“Can you do this project…by tomorrow?”,  “What are you doing for _?”, “Do you mind helping me with_?”, “Can we talk for a second?”  And then… “Mom, I need help with_”, “Mom, what’s for dinner?”, ” Mom, I need this by _ “, And THEN…”Shannon, can you do _ for me?”, “Shannon, did you _?”, “Shannon where is _ ?”,

AND SOMEWHERE IN BETWEEN

I get to what was maybe the first two things that were actually on my ‘to do’ list.

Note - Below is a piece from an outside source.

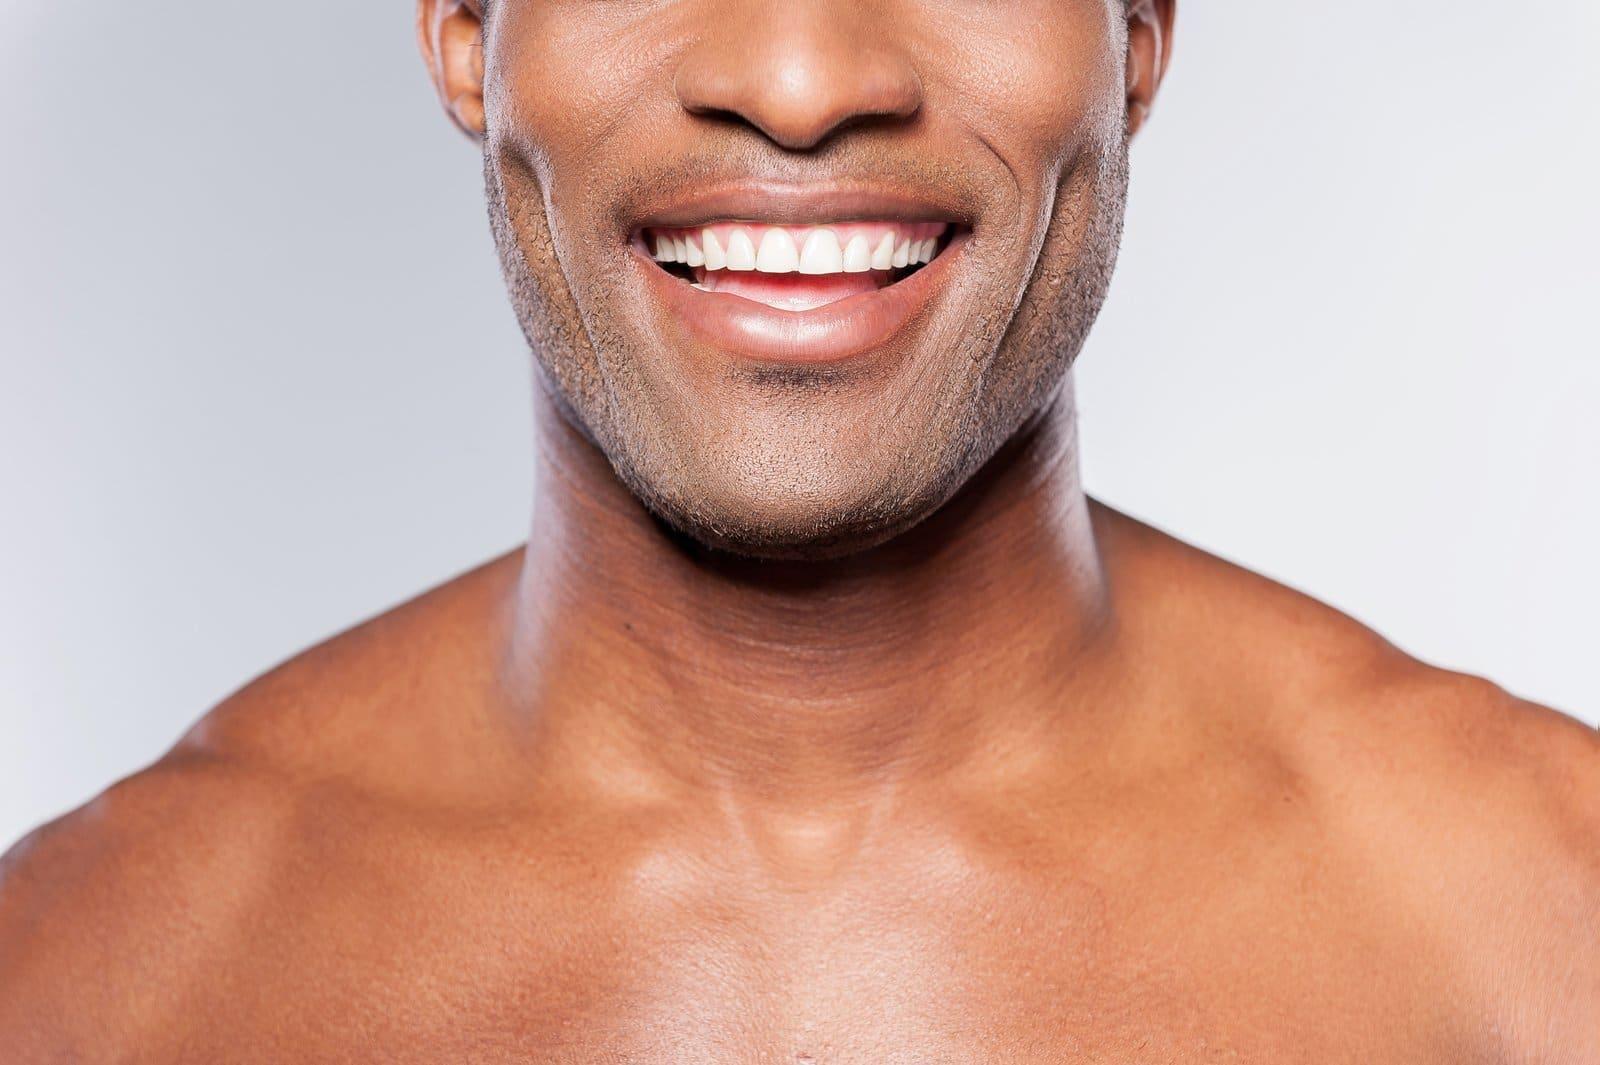 black-man-smiling

One thing I have learned about myself (and it only became clear to me because I see that I’ve handed this trait down to my oldest son) is that I am a task driven person.  When I’m thrown off task my mental equilibrium gets thrown out of kilter.  What I’ve managed to learn through the years is to take a deep breath, recognize what is MOST important, get on that task, complete it, then move on…stay organized. Sounds perfect, right?  Oh I am just SO GOOD. 🙂

BLAH

What I haven’t learned how to do is INTERNALIZE, REGROUP and LET GO.  I am proud of my ability to multitask and get things done, however, what happens is over time when something that is important to me is on that ‘to do’ list  and  continues to get ‘pushed aside’ a sneaky form of  bitterness and resentment begins to seep through the cracks.  I call it selfishness because it’s how I feel internally.  I feel selfish because I long to complete that one task, though it wasn’t meant to benefit my specific job at the parish, or benefit my specific ministry or even my family’s personal needs I still desire to get it done because it’s something that I want to do that no one else is asking me to do.  Granted,even what I want to do, in all honestly, would truly benefit my family in the long run, and in all honestly, could benefit young people which would be beneficial to ministry as a whole, well if I look at it that way it makes me that much more frustrated.

To end this tangent, I just need to come out and tell you where I am on my personal journey led by God… at a stand still.  Crazy, right?  I mean I have a book coming out in the spring, and some wonderful speaking opportunities.  Yet I feel at a stand still.  Something is about to begin, a new path along this journey and there are days that I am very EXCITED to be in this place because one lesson I have learned in life is that God will grant desires I don’t even have to long for!  But on days like this, when I think I am following His will and yet I’m pulled in a thousand other directions (all good but off ‘my planned track’) then I feel that sneaky demon of spoiled frustration crawling up my back, taking  hold of my will and screaming through me, “No, I don’t want to do ANYTHING!”

And when I allow myself to fall into this web of deceit and I have moments of pure solitude, no one asking for anything, demanding, needing, pleading, begging, wanting…  I hate it.  It doesn’t feel right.  I physically squirm with discomfort because I feel it on my back.

What is the lesson in all of this?  I need to get over myself.

🙂

And sometimes it just feels good to vent.  Thanks for listening!